ST. PAUL, Minn. - The good news, is that overall mosquito numbers are dropping across the Twin Cities.
The bad news, the stuff that makes headlines, is that the risk of contracting the West Nile virus risk is increasing this week, according to the Metropolitan Mosquito Control District
A number of recent mosquito samples collected by MMCD as part of its West Nile virus risk reduction program have tested positive for the virus.
So far in 2013 29 cases of West Nile virus have been confirmed across 19 different counties in Minnesota. Two of those cases have resulted in death.
"West Nile risk typically peaks near the end of August in Minnesota, and because surveillance has recently detected an uptick in disease bearing species it is especially important that we continue to take common sense precautions to avoid mosquito bites" said Kirk Johnson, MMCD vector ecologist.
Mosquito control experts say residents enjoying outdoor activities during this warm, dry period should continue to pack and use mosquito repellent, even if mosquito levels seem tolerable.

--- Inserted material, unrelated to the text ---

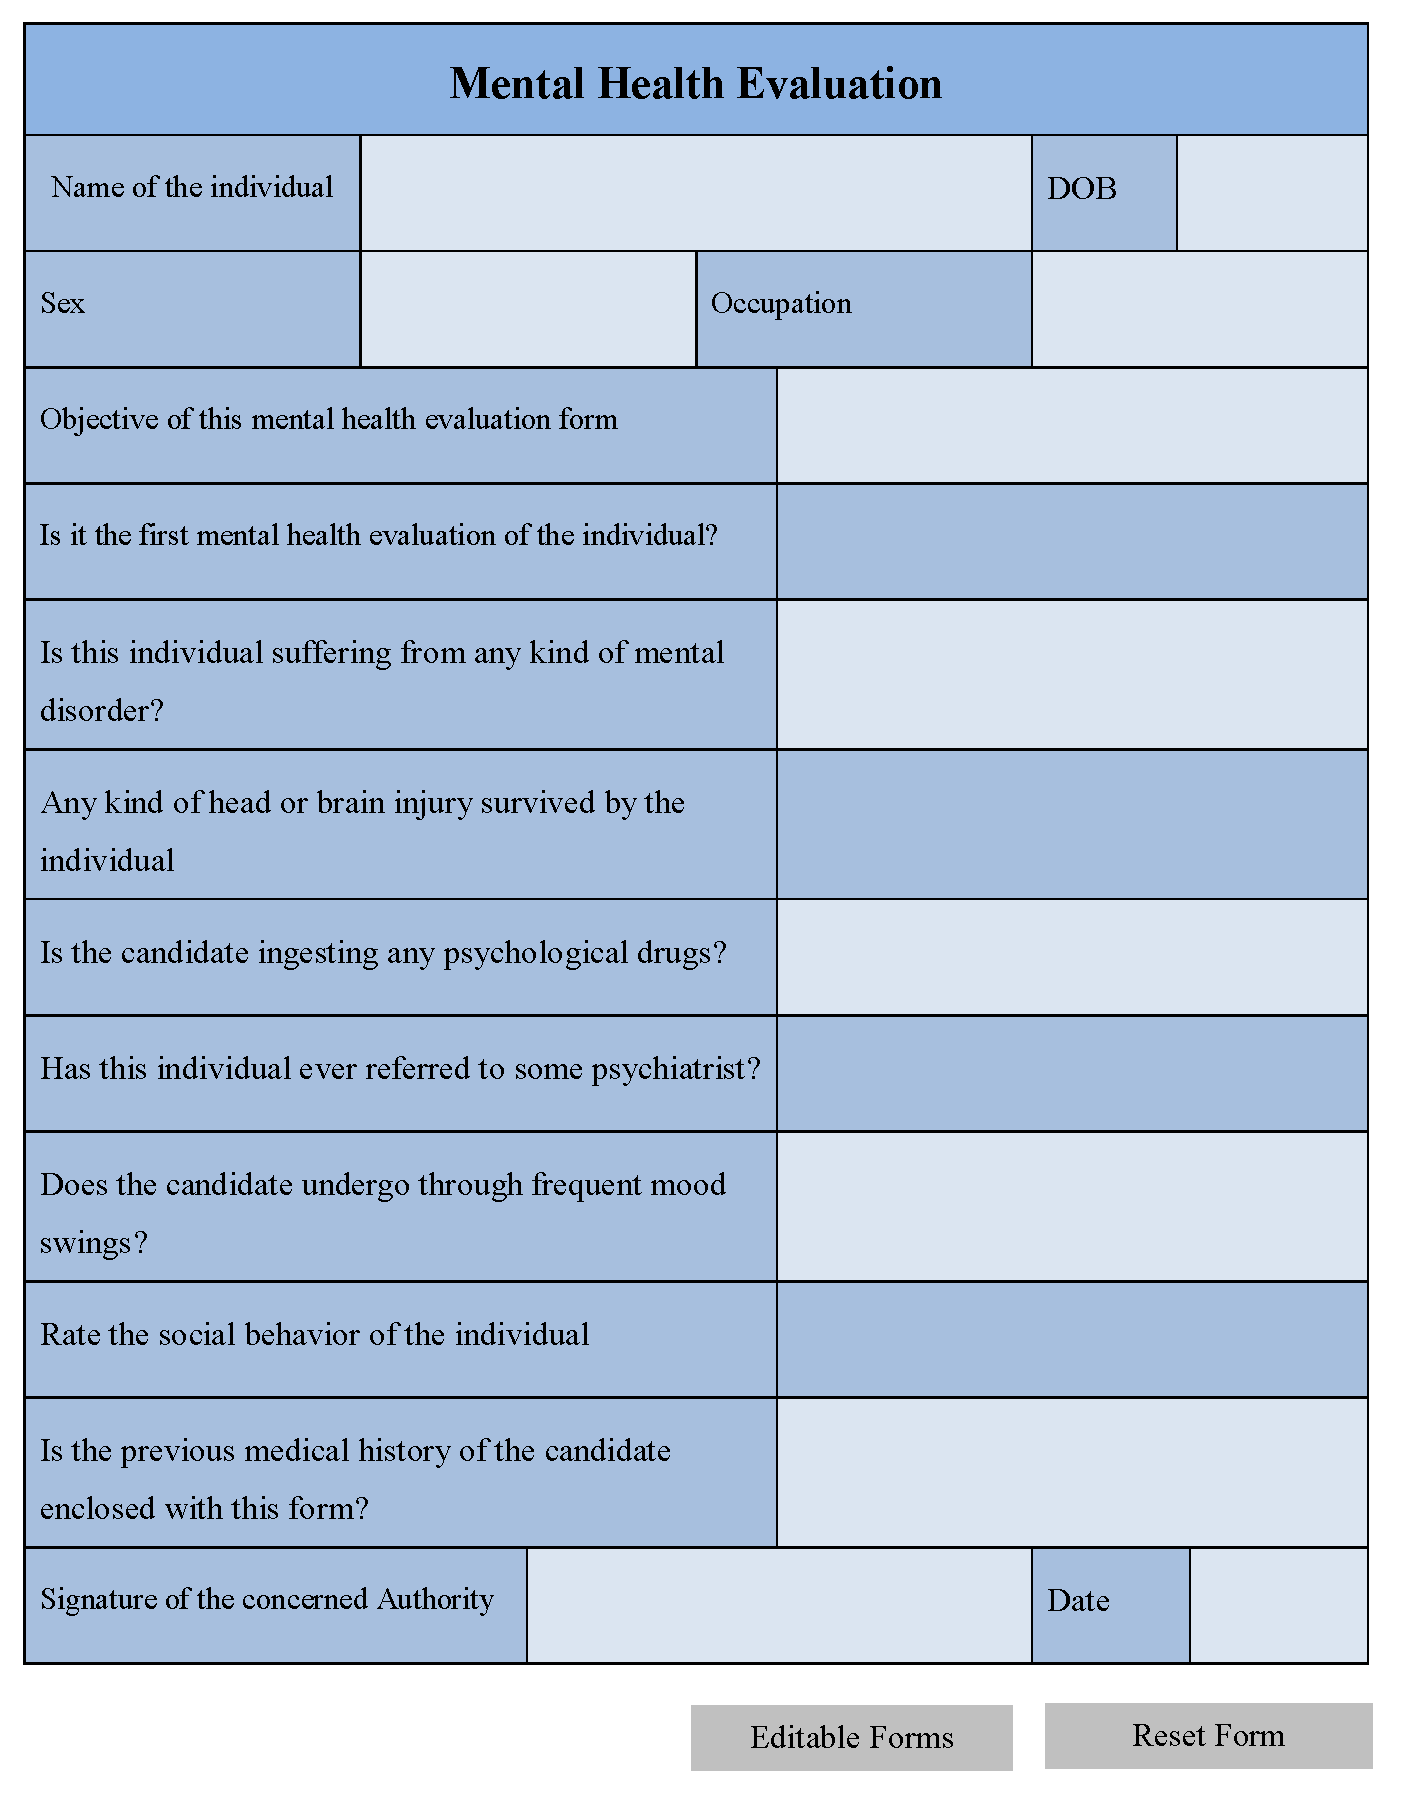 Printable Mental Health Intake Assessment Forms

While most mosquitoes don't carry West Nile virus, the species that do are often more abundant late in the summer.
Here's how you can help reduce your risk for West Nile virus:
- Check yards and neighborhoods for water-holding containers and recycle or dump
them out (it can take less than a week for mosquitoes to develop in standing water),
- Make sure window screens are in good repair
- Wear long-sleeved, loose-fitting, light-colored clothing
- Use mosquito repellent (carefully follow label directions)
- Whenever possible, avoid prolonged outdoor activity at dawn and dusk when mosquitoes are most active.
Not all mosquitoes carry the virus, and most people who are exposed to West Nile don't get sick. While anyone can develop West Nile illness, the elderly, and those with compromised immune systems are at greater risk and should take special care to avoid mosquito bites.